Import to the inner membrane can occur in three ways. The first way is the TIM22 pathway, proteins using this pathway need internal targeting sequences. The next way is the stop transfer import, for this proteins need a stop transfer sequence and a N-terminal matrix targeting sequence. The third way is called conservative sorting proteins using this pathway have a N-terminal targeting sequence as well and in addition intrinsic Oxa1-targeting sequences which are recognized by Ox1-proteins which execute the import to the membrane.
Proteins imported to the outer membrane of a mitochondrion usually have PORTA domains which are recognized by the TOB/SAM complex.

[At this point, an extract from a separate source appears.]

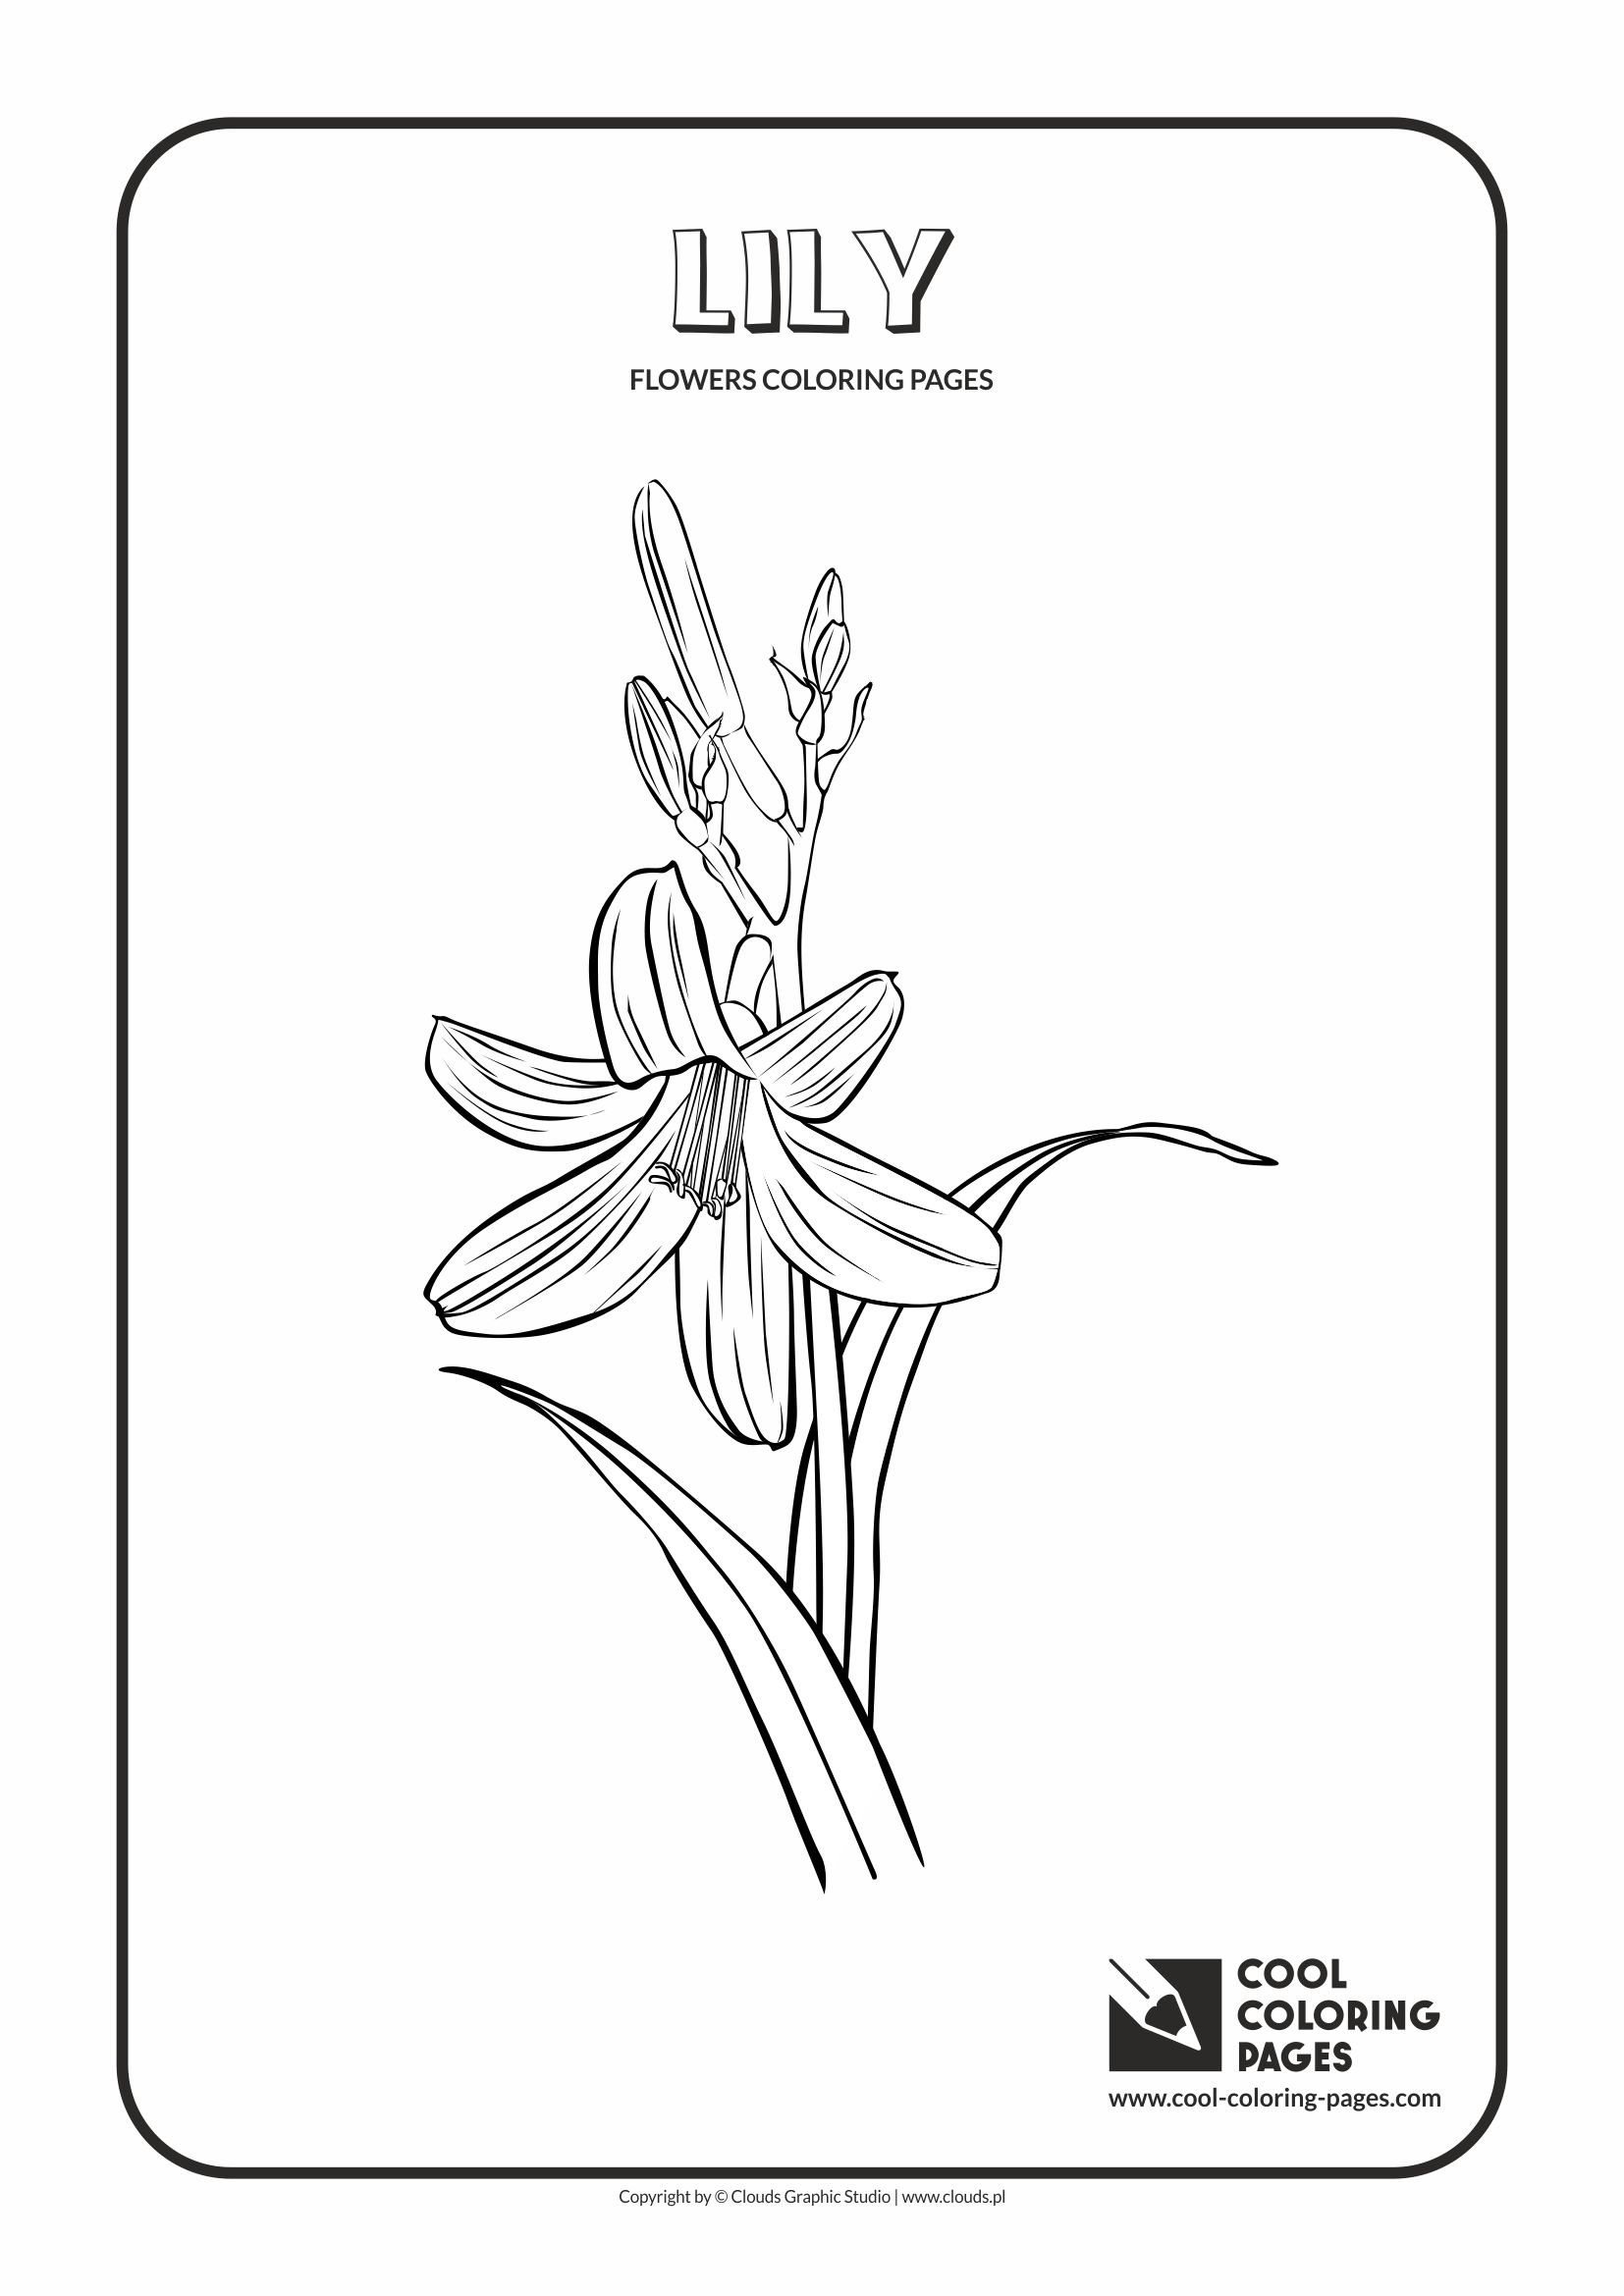 Cool Coloring Pages - Plants / Lily / Coloring page with lily

Signalpeptides for the import to the chloroplast
Proteins heading to chloroplasts can target different parts of it. For example the stroma, inner and outer membrane, the thylakoids membrane or the thylakoids lumen.
Usually these protein have a N-terminal targeting sequence.

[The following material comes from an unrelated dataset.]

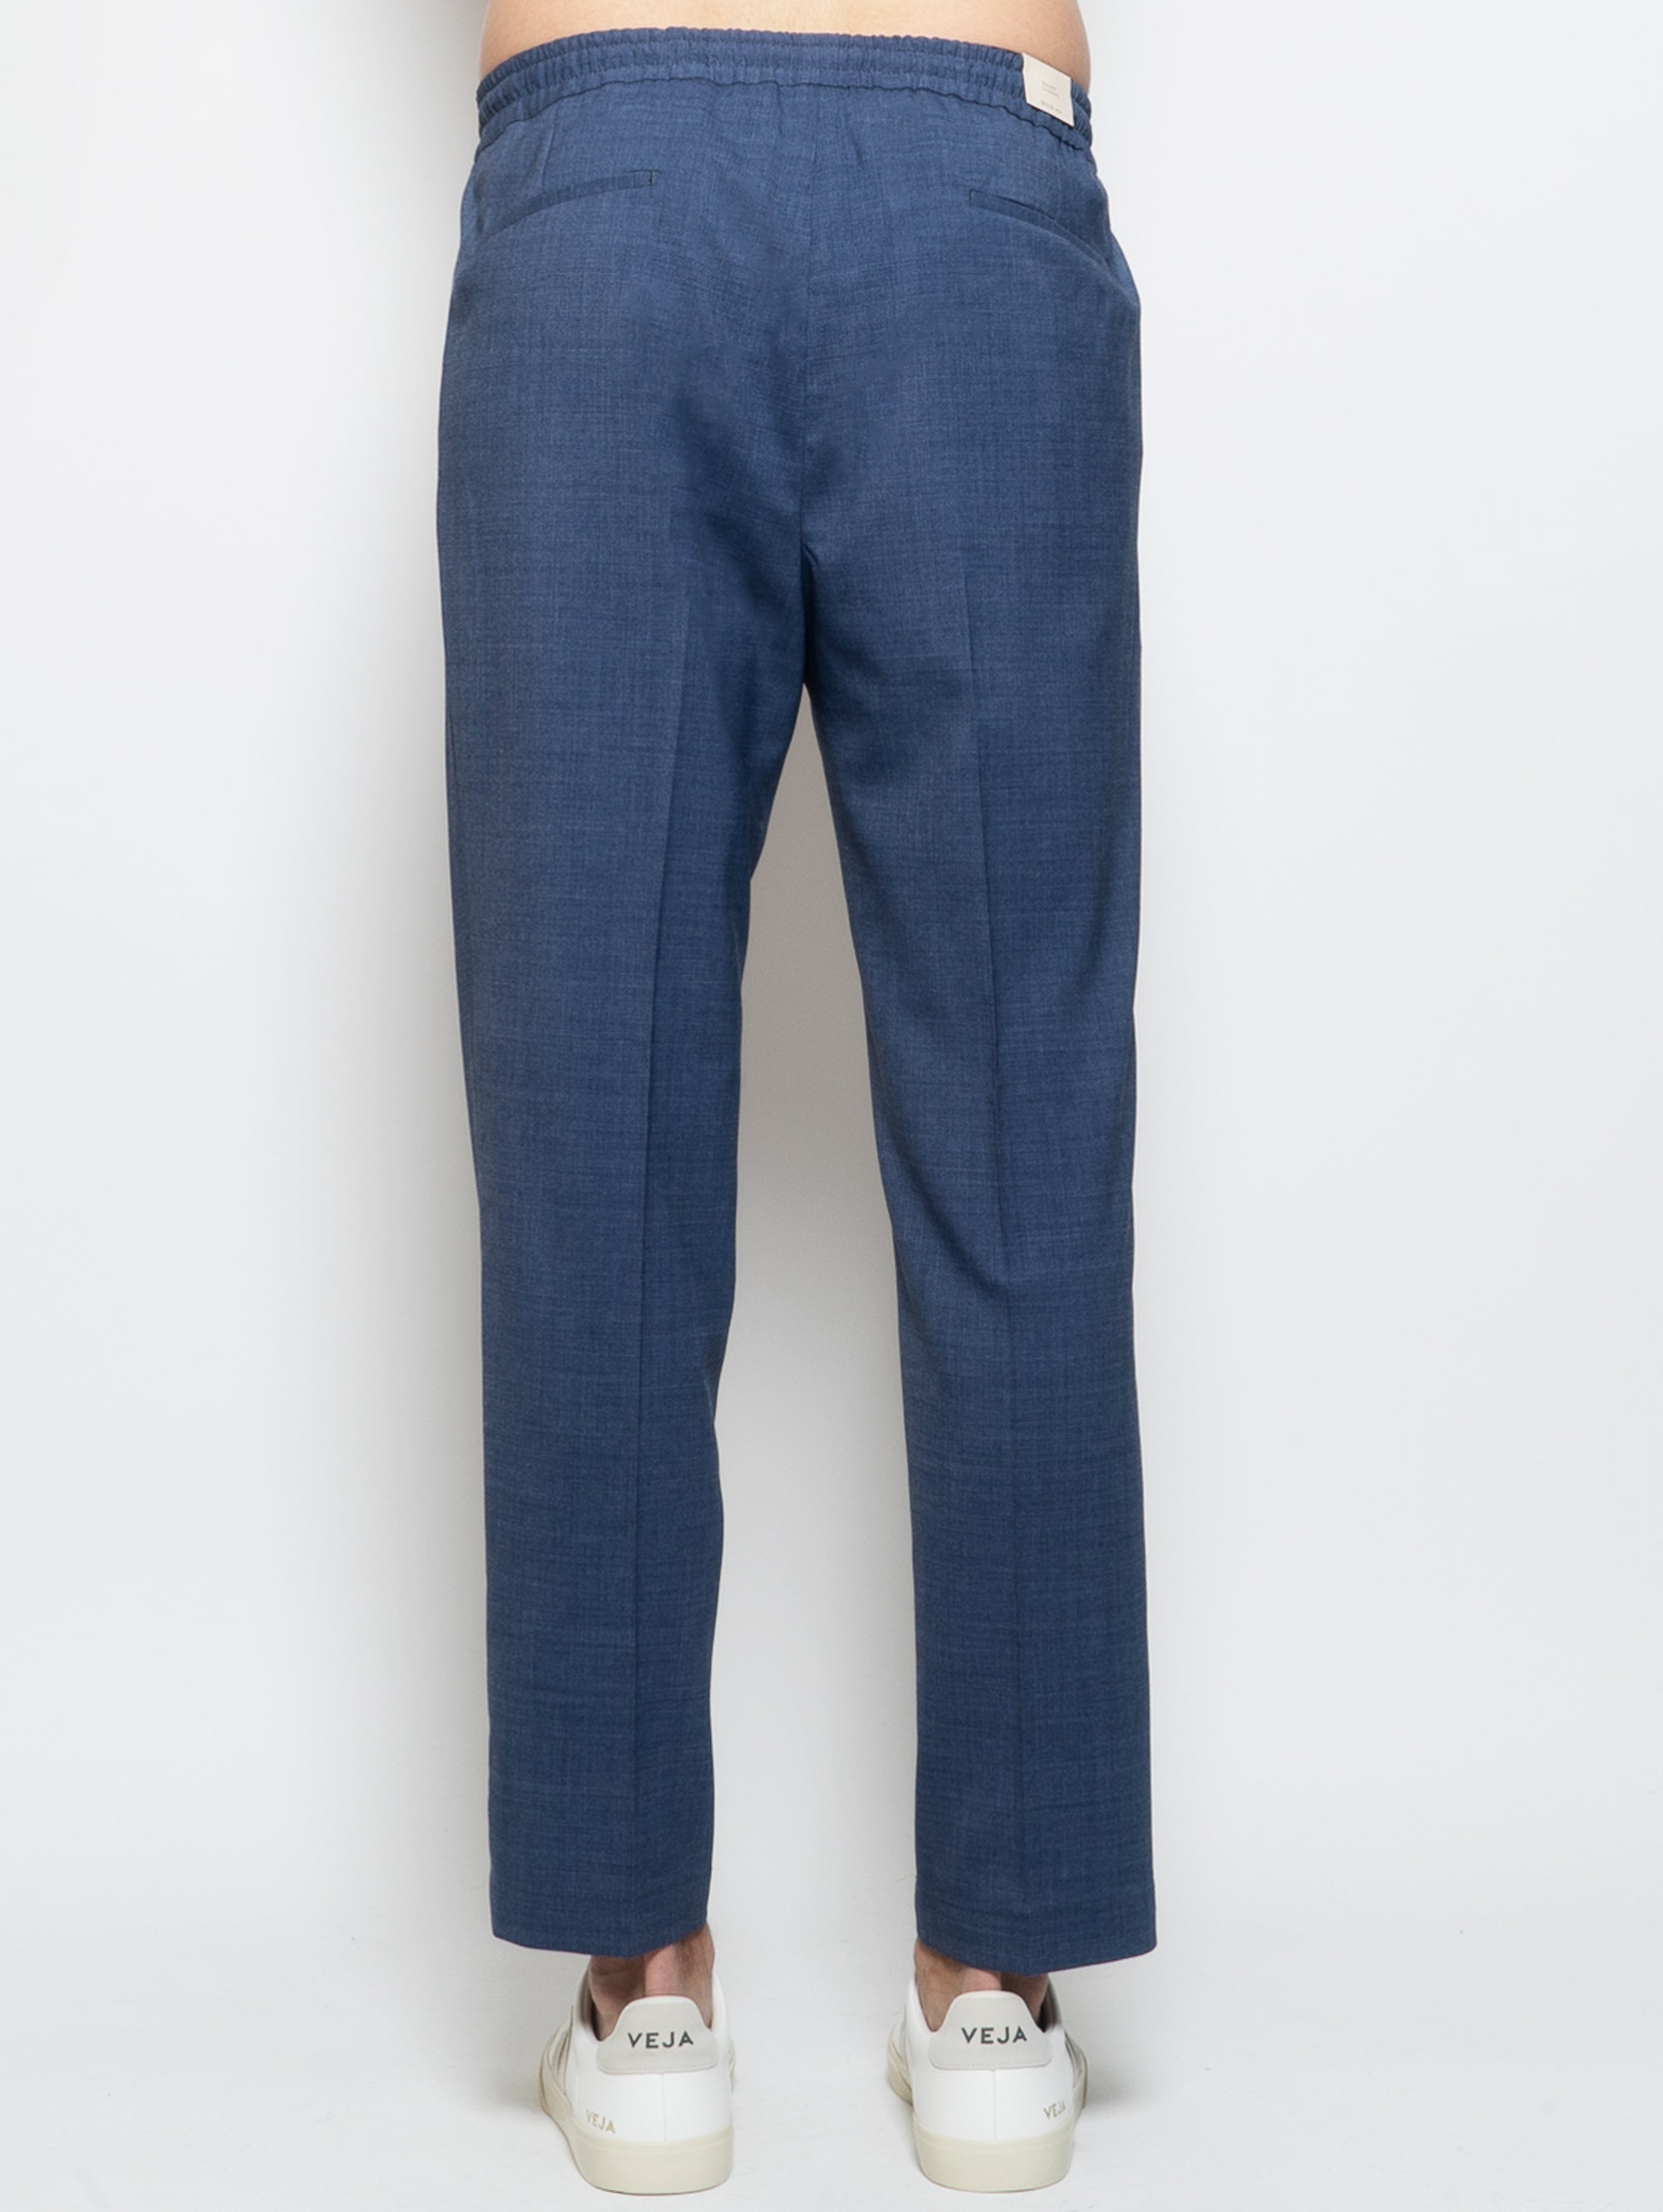 Blue Wool Blend Pants with Drawstring and Pleats

Signalpeptides for the import to the peroxisome
Peroxisomal proteins can be imported to the lumen or to the membrane. Proteins imported to the lumen have either a peroxisomal targeting signal at the C-termins (also known as PTS1) or a targeting sequence close to the N-terminus (also known as PTS2). Proteins imported to the membrane can have an intrinsic membrane peroxisomal targeting signal (mPTS). However, not all proteins have this mPTS. These proteins are imported to the ER and from there they bud off together with the mature peroxisome.
Signalpeptides for the import to the nucleus and the export form the nucleus
Proteins which are imported to the nucleus require a nuclear localisation signal (NLS) which is recognized by importin. The NLS containing protein is then imported via the nuclear pore complex (NPC) to the nucleoplasm.
Proteins which are exported from the nucleus require a nuclear export signal which is recognized by exportin, a protein which binds to the NES of the cargo protein. In addition to exportin a second component, known as Ran*GTP, is required to mediate the export through the NPC.
Details of the method
Author: Sonnhammer, Heijne & Krogh
This method is based on a hidden markov model (HMM). The authors of this method tried to model the 'grammar' of transmembrane proteins in order to predict the protein topology of transmembrane more accurate than methods who only e.g. rely on propensity values and do not consider the topological constraints of these class of proteins.
TMHMM defined for their HMM for each feature one or more states which present this feature. For example the transmembrane helix is modeled by three sub models. A model for the helix core, the cap of the helix which lies partly in the cytoplasm and the membrane and the cap which is partly in the membrane and cytoplasm. In addition to this helix model they also created sub models for the cytoplasmic loop and the non-cytoplasmic loop as well as a sub model for the globular region. Each sub model can reflect one or more states in the HMM model. For example the globular sub model only consists of one HMM state whereas the helix-core and caps are modeled by multiple HMM states.
The 'grammar' is incorporated to this HMM model by defining the possible transitions from one sub model to another one. For example it is only possible to change from a cytoplasmic loop region to a cytoplasmic cap region and then to the helix core and after that either to non-cytoplasmic short loop or long non-cytoplasmic loop and so on.
This methods predicts the transmembrane helix and whether this part is in the cytoplasm (in) or outside of it (out).
Required information for the prediction
User who want to use it just need their amino acid sequence of their query sequence. The transmission and emission probabilities are derived from 160 transmembrane protein sequences.